Introduction
BFG Repo-Cleaner is a specialized tool for removing unwanted data from git history. Written in Scala, it focuses on two common tasks: deleting large files that bloat your repository and scrubbing sensitive strings like passwords or API keys. It runs significantly faster than git-filter-branch while being simpler to use.
What BFG Does
- Removes files exceeding a specified size from every commit in history
- Replaces sensitive text (passwords, tokens) with REMOVED across all commits
- Deletes specific files by name from the entire history
- Protects the current HEAD commit by default so your latest code is never modified
- Produces a detailed report showing exactly what was changed and where
Architecture Overview
BFG reads the git object database directly using JGit (a pure Java git implementation) rather than checking out each commit. It processes objects in parallel, which makes it 10-720x faster than git-filter-branch on typical repositories. The tool outputs a new set of cleaned git objects and rewrites the branch references to point to them.

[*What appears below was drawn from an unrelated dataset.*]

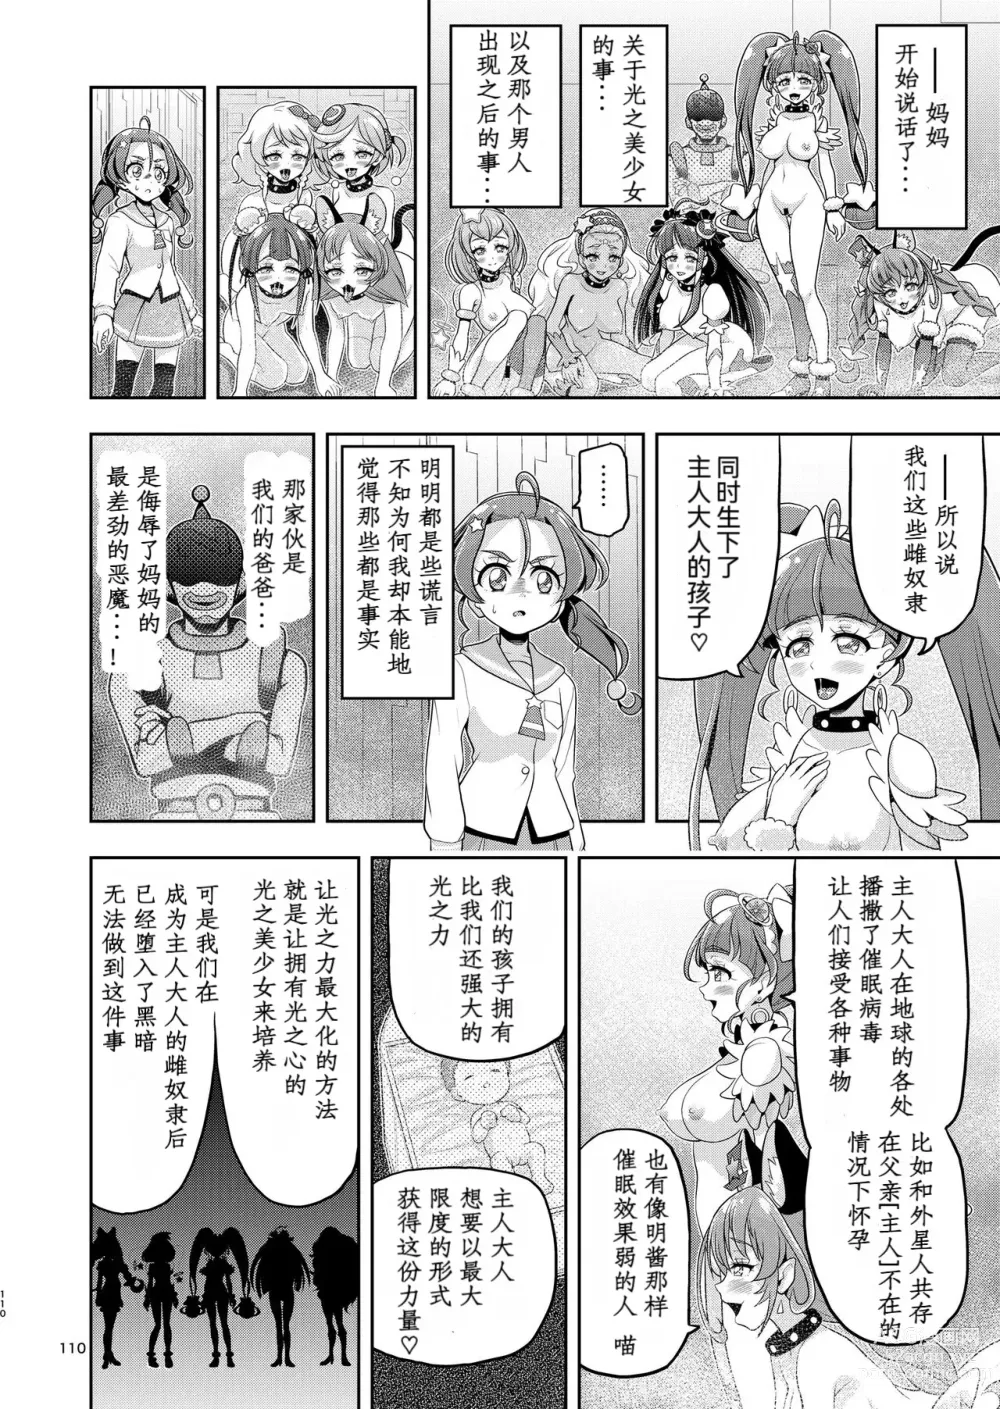 Page 59 of doujinshi Hoshi Asobi 2

Self-Hosting & Configuration
- Requires Java 8 or later; download the single JAR file from Maven Central
- Always operate on a bare mirror clone to preserve the original as a backup
- Create a text file with one secret per line for
--replace-textoperations - Run
git gcafter cleaning to physically remove the old objects - Force push to update the remote, then have all collaborators re-clone
Key Features
- Single JAR file with no installation step beyond having Java
- Protects your latest commit by default to prevent accidental data loss
- Handles repositories with millions of commits efficiently via parallel processing
- Can target specific branches or process the entire history at once
- Clear human-readable output showing every file and text replacement made
Comparison with Similar Tools
- git-filter-repo — broader rewriting capabilities (path renames, commit editing); BFG is simpler for the specific tasks of removing files and secrets
- git-filter-branch — the legacy built-in tool; dramatically slower and more error-prone
- GitHub secret scanning — detects secrets but does not remove them from history; BFG actually rewrites the commits
- TruffleHog / Gitleaks — find secrets in history; use BFG afterward to remove what they discover
FAQ
Q: Will BFG modify my latest commit?
A: No. By default it protects HEAD. Use --no-blob-protection to override this, but do so with caution.
Q: Can I undo a BFG run?
A: If you kept the original bare clone, yes. Otherwise, the old history is gone after git gc and force push.
Q: Does BFG work with Git LFS? A: Yes. You can use BFG to migrate large files into LFS pointers across your entire history.
Q: How fast is it compared to filter-branch? A: On a real repository with 120,000 commits, BFG completed in 2 minutes versus 24 hours for filter-branch.